更に、ロミュドが兄バグタスが似たような雰囲気を持っていることに気づいた。
(ああ、お兄様に似た感じがするから魅力的に感じるんだ。そういう殿方に弱いのかも)
自分の男の好みを自覚した瞬間でもあった。
◇
ユミーとロミュドは顔を見て話しやすいように対面のソファーに座った。兄バグタスは見守るようにユミーの後ろに立っている。
「バグタス、君の妹と話をする時間をもらってすまない。感謝するよ」
「もったいないお言葉ですロミュド殿下。私の妹と会話したいとお望みならば、私はそれを実現するのに尽くすだけです」
「ははは、嬉しい言葉だな」
兄とロミュドの会話を聞く限り、本当に第三王子であるロミュドの方からユミーとの会話を望んでいたとユミーは感じた。実のところユミーは兄が仕掛け人であり王子に無理を言って頼んだのかもと思っていたのだ。だからこそ、今になって緊張感が大きくなった。
「いきなり呼び出してすまなかったユミー嬢」
「いえ、いつも兄がお世話になっているロミュド殿下の呼び出しとなれば喜んで向かいます」
「最後に会った時よりも芯の強そうな印象を感じるよ」
「お褒めにいただき光栄です」
ロミュドは本心から褒めるつもりで芯の強そうなと口にしたが、つまり以前はそんなふうに見えなかったということを意味する。ただ、それに関してはユミーも当然だと思う。ガソマの不誠実な態度に怒ったから今の自分があると彼女自身も思っているのだから。
「君の兄バグタスから聞いているだろうと思うが、私が君との対話を望んだ理由はもう分かるね」
「はい。殿下が私のことを気に入ったということを兄から聞いておりますが、まだ信じられない気持ちです……」
「ははは、いきなり気に入ったなんて言われれば当然か。もしかして困る?」
「そんな、困るなんてことはありません」
ちょっと戸惑うがユミーに困ることはないのは本心だ。むしろロミュドと話していくうちに緊張感が和らいでいく気さえしている。
「そう言ってもらえると嬉しいよ。ユミー嬢に不快な思いをさせてしまっては元も子もないしね」
「その……ロミュド殿下が私のことを気に入っていただけるのは、とても光栄なことですが……そのきっかけはもしかして……」
ユミーとロミュドの面識はそこまで多くはない。兄バグタスが仕える主ということだけだ。それにもかかわらずユミーのことを気に掛ける理由といえば、あの断罪劇しかない。

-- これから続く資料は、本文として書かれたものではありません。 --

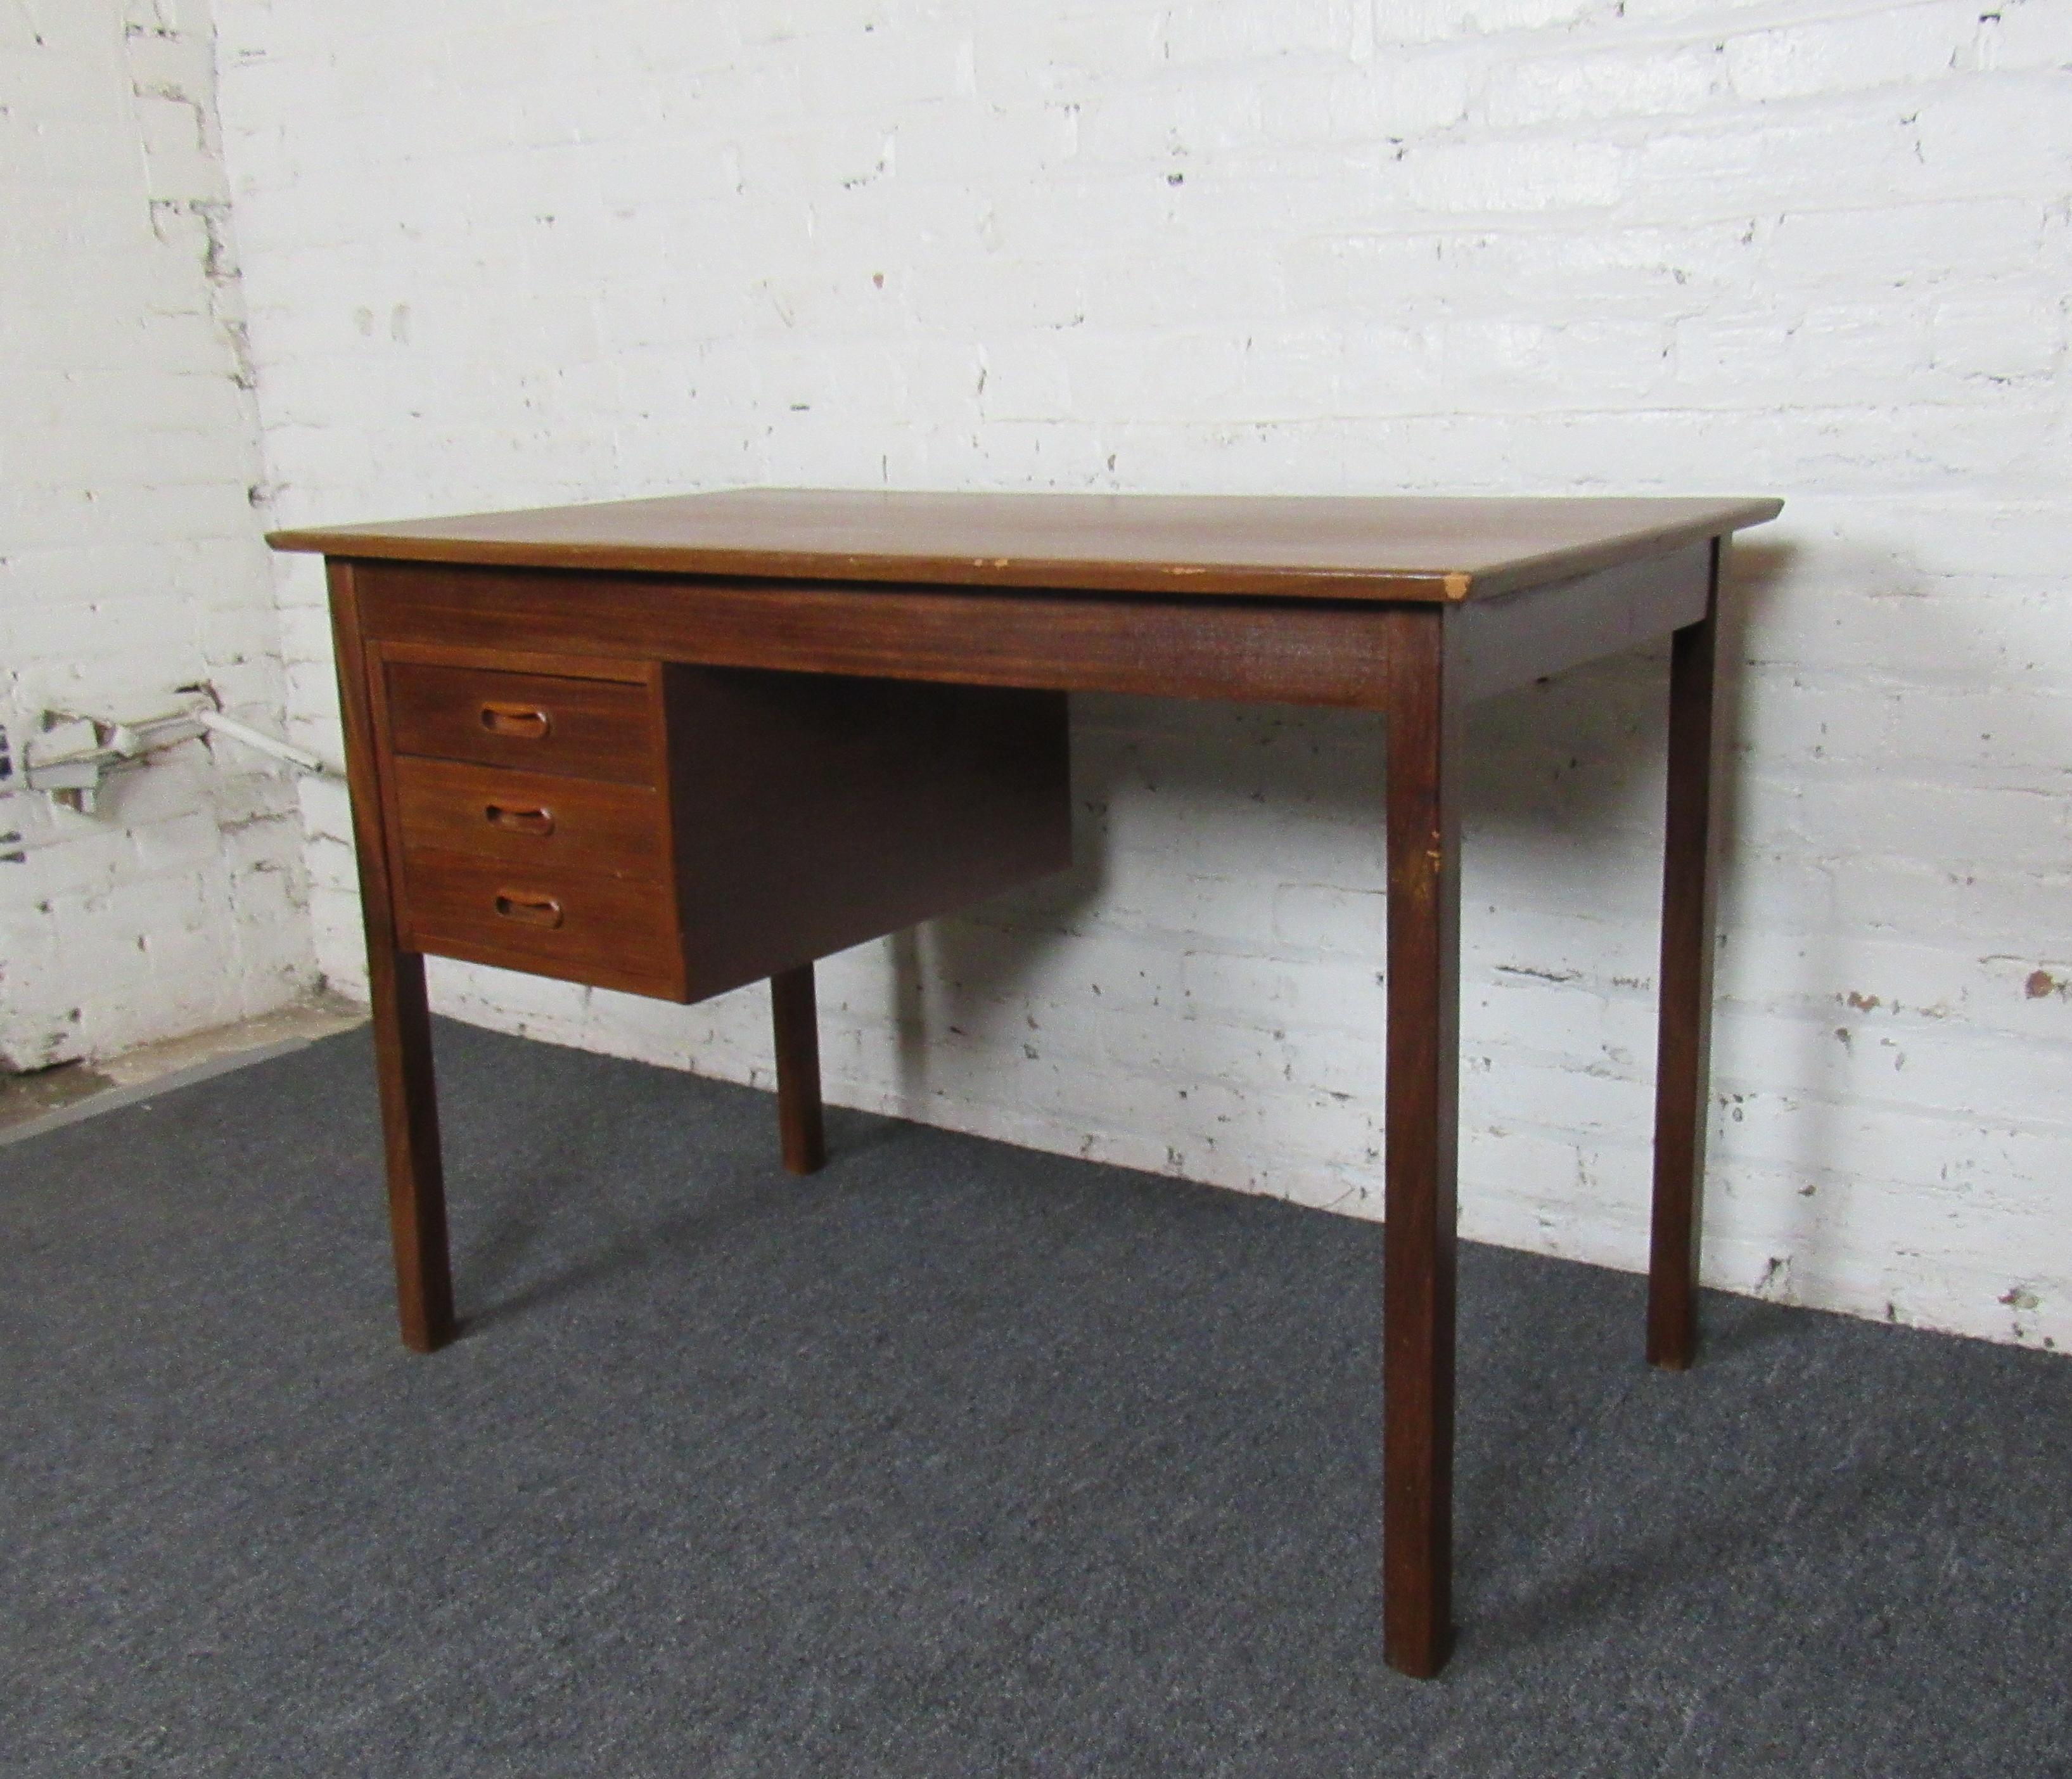 This vintage writing desk combines sturdy Mid-Century Modern quality with simple elegance. With three drawers for storage, this desk is perfect for adding tasteful style to a home office or business. Please confirm the item location (NY or

「ああ、あの断罪劇なら私も知ってるよ。私もあの場にいたしね」
「えっ、そうなのですか!?」
「? ああ、あの時は急な予定変更でパーティーにいたんだ。私が入ったその直後に断罪劇が起こったから君が気が付かないのも無理ないか」
ユミーは顔を赤らめる。あの断罪劇を直に見られたとは思っていなかったし、見た人から直接感想を言われるとなんだか恥ずかしかった。ましてや、それが王族だなんて。

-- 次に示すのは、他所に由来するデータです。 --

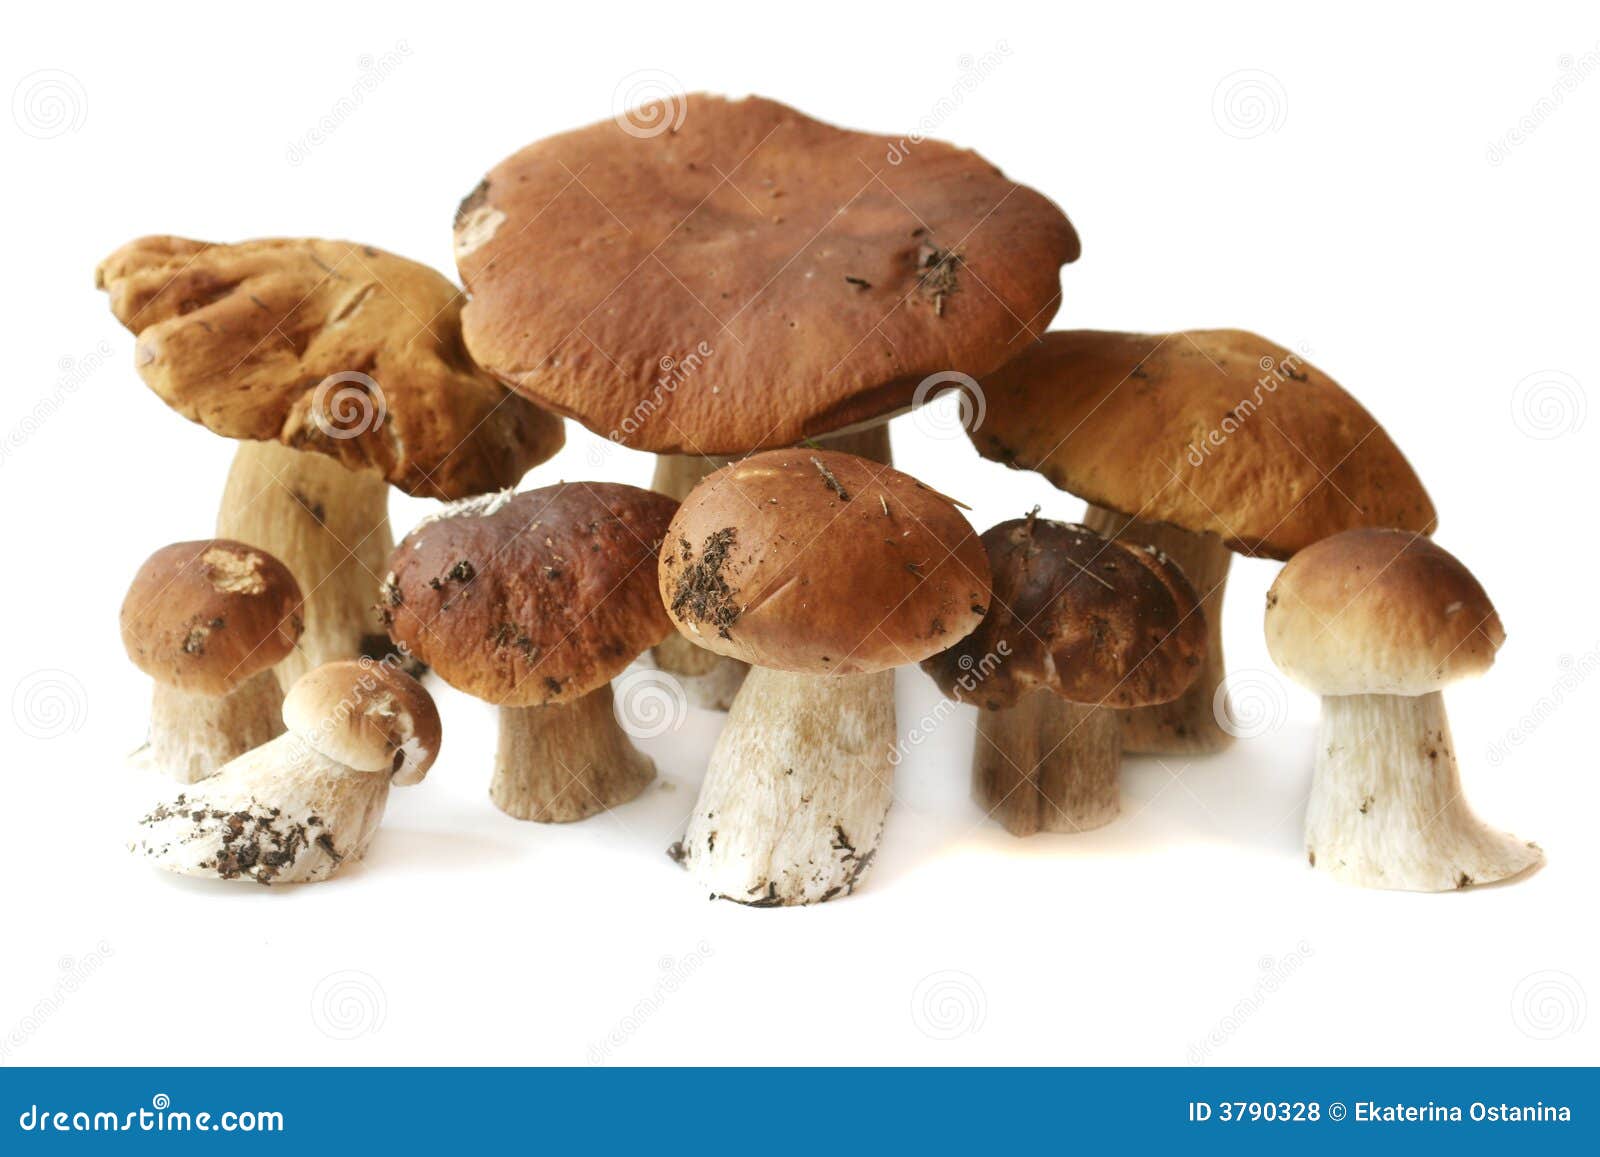 many ceps are

「見事だったと思うよ。ドパント公爵令息の悪意をはねのける様は素晴らしい。以前から君のことはいいと思っていたが、あんなに勇敢な姿もあったんだね」
「以前から……というのは?」
「ユミー嬢はパーティーなどの催し物で、使用人たちに対する態度も指示も適切で素晴らしいと思っていたんだ。そんな姿を見ているうちに君のような女性が好みになっていたんだよ」
「わ、私のような……!?」
確かにユミーは執事やメイドといった使用人達には敬意を払ってきた。使用人の人たちが支えてくれるからこそ貴族が上に立てるのだと思って行動していたのだが、王族の目に止まっていたと知って驚いた。更に好みの女性だとまで言われるとは。

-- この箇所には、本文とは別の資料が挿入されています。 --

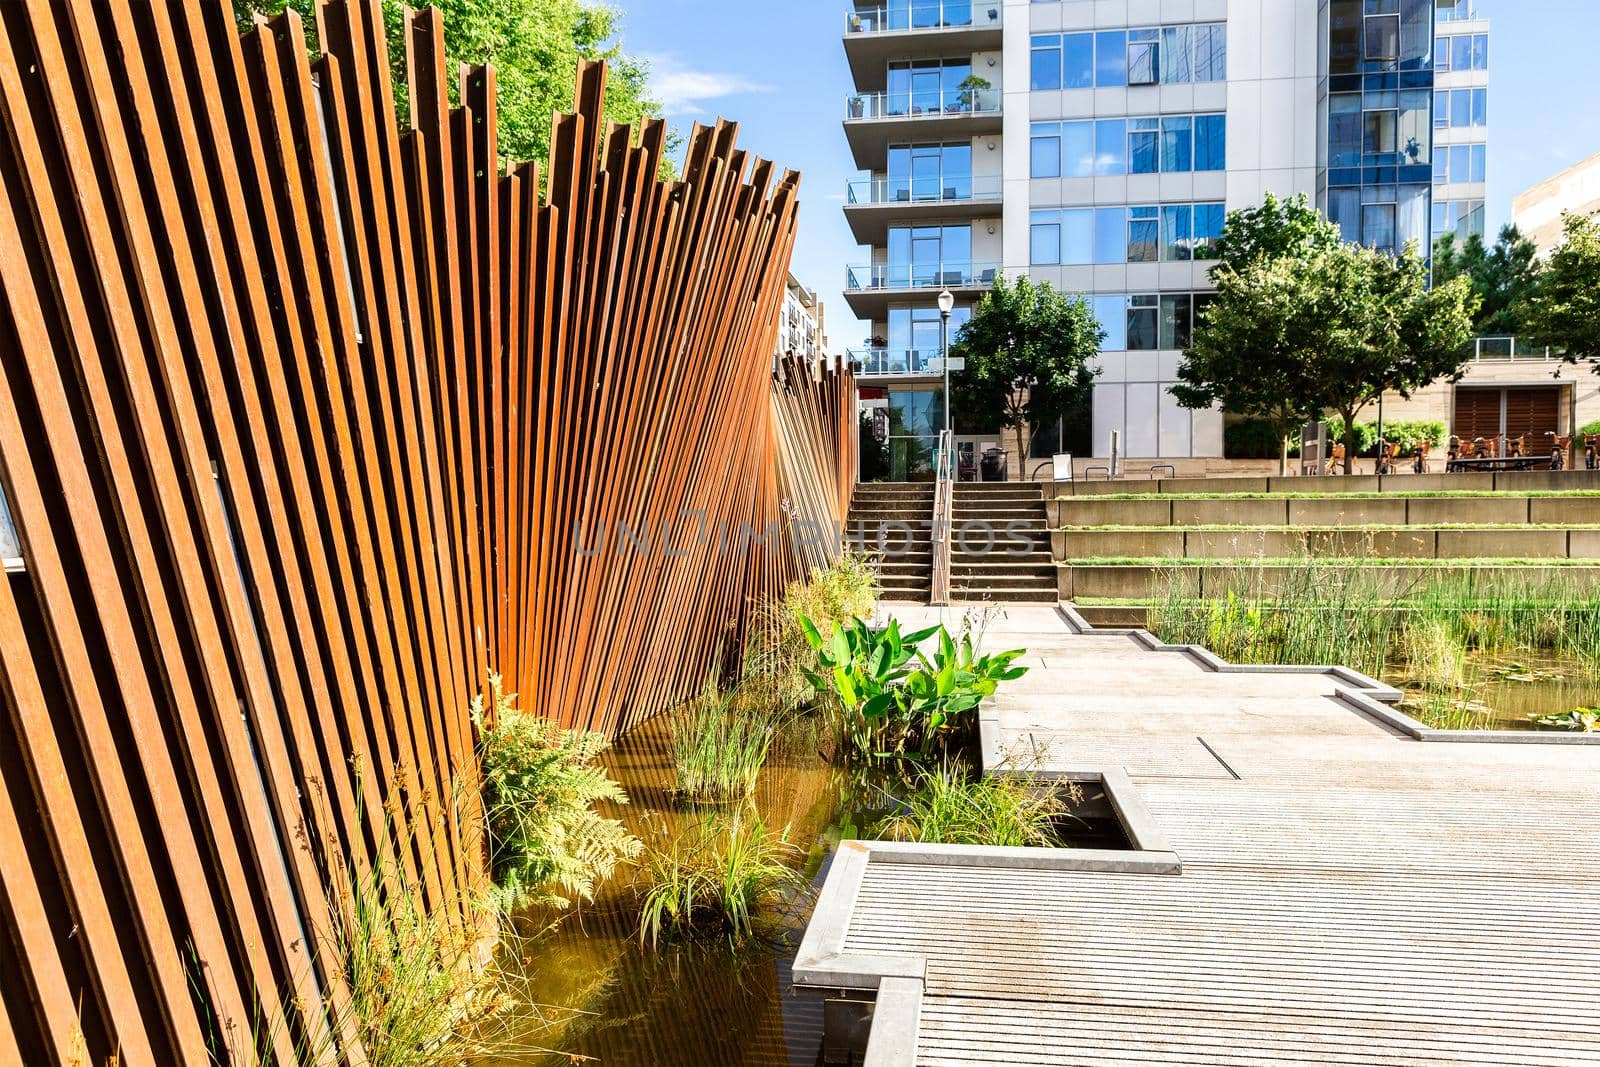 Tanner Springs Park, remediated wetland and naturalized public space in the area of Pearl District

「私は、自分たちよりも身分の下の使用人――裏方の者たちにこそ、敬うべきだと考えていた。私達貴族の晴れやかな社会は彼らのような裏方が頑張ってくれるから成り立っているのだからな」
「はい。私も彼ら使用人たちのお陰で婚約破棄できたと思っています。日頃から敬意を払うのは当然です」
「やはり、思った通りの女性だ」
ユミーの胸に温かいものが広がるのを感じる。それは眼の前の王族であるロミュドが自分と同じように使用人をおろそかにせずに敬うべきだと考える人だと知って嬉しいからだ。使用人に常日頃から敬意を払う貴族が少ない社会であるゆえに、ユミーとロミュドのような考え方を口にできるものは滅多にいないのだから。
「私が君を呼び出した理由……バグタスから聞いているかい?」
「殿下が……私に求婚と、聞いていますが……」
ユミーは赤面しながらロミュドを見つめると、ロミュドは笑顔ではっきり言った。
「私と婚約してほしい」
「! わ、私なんかを……?」
「ああ、君がいい」
ロミュドの顔も赤面していく。そのまま二人は無言のまま見つめ合う。バグタスが様子を見に来るまではその静寂は続くのであった。